Either the rumored specs were off by a factor of two or else the presentation was extremely misleading to try to make it sound like the cards are twice as fast as they are. There isn't really any in-between here. Either the factor of two is there or it isn't, and either way is rather shocking.
I should explain. GPUs have a lot of different pieces, and there isn't just one number that you can point to and say, this is how fast the card theoretically should be across the board. There are a lot of things that you can compute from the paper specs, though. Arguably the most important is the card's computational power, the theoretical TFLOPS, or trillions of floating-point operations per second. It tends to be pretty strongly correlated with memory bandwidth, among other things, as if you took a balanced card and gave it four times as much memory bandwidth but no additional compute, you wouldn't make it much faster in most games, as the memory controllers would mostly be sitting there idle on such an unbalanced card. Similarly, if you gave it four times as much compute but no more memory bandwidth, the shaders would mostly sit there idle waiting on memory.
The leaked specs on the GeForce RTX 3090 from the box art of a new Gainward card is 5248 shaders and a 1.725 GHz boost clock. You can compute the theoretical TFLOPS from that as (number of shaders) * (clock speed) * 2, or 5248 * 1.725 * 2 * 10^(-9) ~ 18.1. So here's Nvidia's slide from their presentation:https://images.anandtech.com/doci/16060/20200901173540.jpg
36 "shader-TFLOPS". That's double what you'd get from the computations. Card specs do sometimes change late. They don't change at the last minute by a factor of two. Rumors from random people making things up sometimes are off by a factor of two (remember the rumors that the mid-range GF104 was going to be a lot faster than the high-end GF100?), but it doesn't seem plausible that that is the case here.
So where did that factor of two come from? These aren't the only Ampere cards. Nvidia has already announced more specs for their A100 compute card of the same architecture.
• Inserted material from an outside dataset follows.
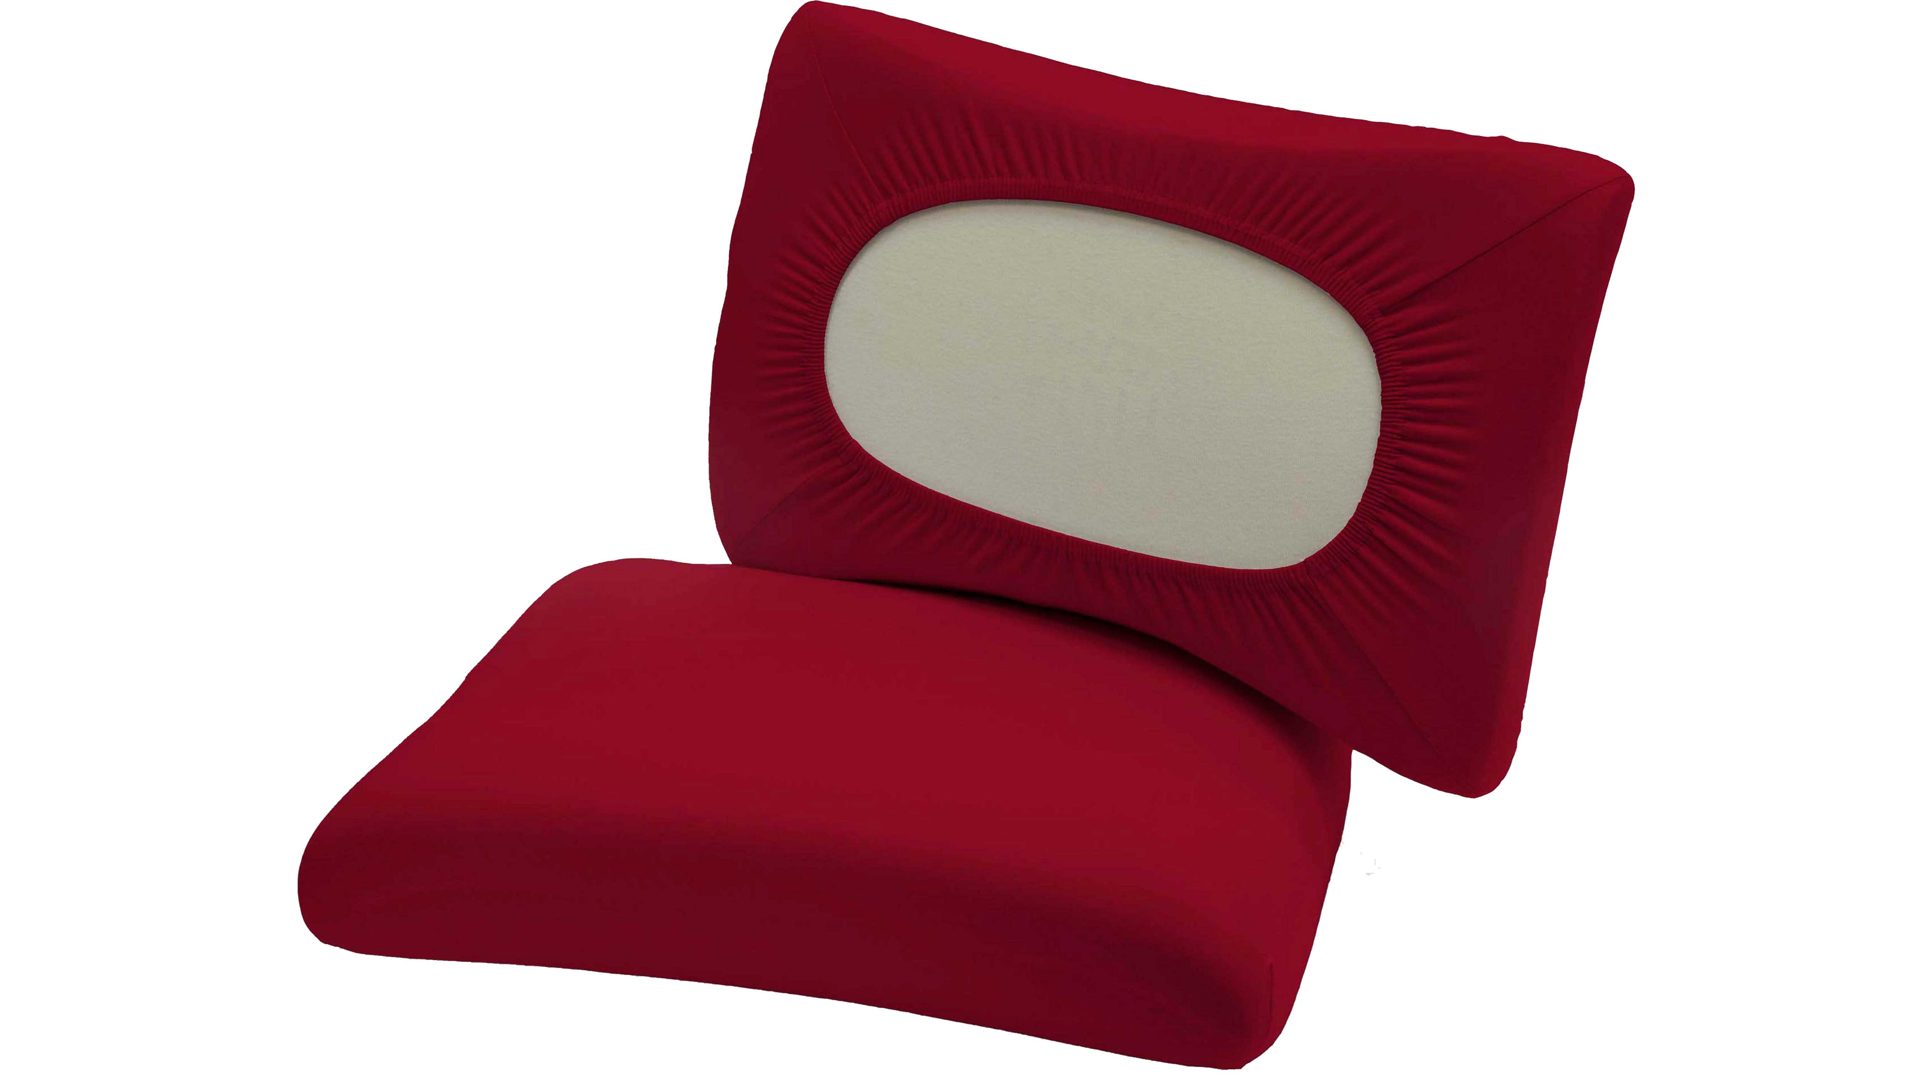 Kissenbezug /-hülle H.g. hahn haustextilien aus Stoff in Rot Universal-Kissenbezug rote Baumwolle - Größe S-XL

It has 6912 shaders at about 1.41 GHz, for 19.5 TFLOPS. I don't see where Nvidia explicitly states the shader count, but the TFLOPS number is here:https://www.nvidia.com/en-us/data-center/a100/
It seems implausible that the rumored shader count is off by a factor of two, as that would mean that Nvidia packed in massively more shaders into a GeForce card than they did their A100 compute card that is the largest GPU ever built. Maybe I could believe that if the GeForce card chopped out a ton of compute stuff, but their presentation explicitly said that it includes the full tensor cores. The RTX 3080 is listed as 28 billion transistors, or only a little over half of what the A100 uses.
It also seems implausible that the clock speed is off by a factor of two. GPUs tend to clock a little under 2 GHz these days for reasons of physics, and if they suddenly tried to clock a huge GPU at 3.5 GHz, that's not going to end well.
Most likely, the factor of two is that instead of a * 2 in the computations, they did a * 4 instead. But why?
At this point, it's very reasonable to ask, why should there be a * 2 at all? The answer to that is that all shaders can do one fma per clock, where fma(a, b, c) = a * b + c, all as 32-bit floats. An add is one operation and a multiply is another, so being able to do both at once per clock counts as two. Yeah, that's fishy, but all modern GPU vendors do it, so it at least gives you comparable numbers.
Did Nvidia add some other operation that they think should count as four? The most obvious candidate would be packed half math. That is, rather than putting a 32-bit float in a 32-bit register, you pack two 16-bit halfs in, with a 16-bit number in the high 16 bits and a completely independent 16-bit number in the low 16 bits. Then you have an operation that can do an fma on the high 16 bits and another fma on the low 16 bits at the same time. So that counts as four. But it's not four 32-bit operations. It's four 16-bit operations. This is why GPUs will commonly site one number of TFLOPS at 32-bit precision, and another number at 16-bit. See here, for example:https://www.amd.com/en/products/professional-graphics/instinct-mi50
6.6 TFLOPS double precision
13.3 TFLOPS single precision
26.6 TFLOPS half precision
53 TOPS int8 precision
It takes two 32-bit registers for a 64-bit number. But that 32-bit register can have a full 32-bit float, two 16-bit halfs, or four 8-bit integers. It's no coincidence that halving the data size doubles the throughput, at least if the card has the logic for it, as AMD's Vega 20 does.
But if some other operation is the culprit, why didn't they count it in their A100? Furthermore, the ratio of various operations is dictated by the architecture. If you add twice as many compute units, you get double the throughput of everything. Increase the clock speed by 10% and you get 10% more throughput of everything. The A100 cites peak 312 TFLOPS half precision from tensor cores (= 19.5 TFLOPS single precision * 16), with the 16 having a factor of 2 because of half precision times a factor of 8 because the tensor cores use 8x8 matrices.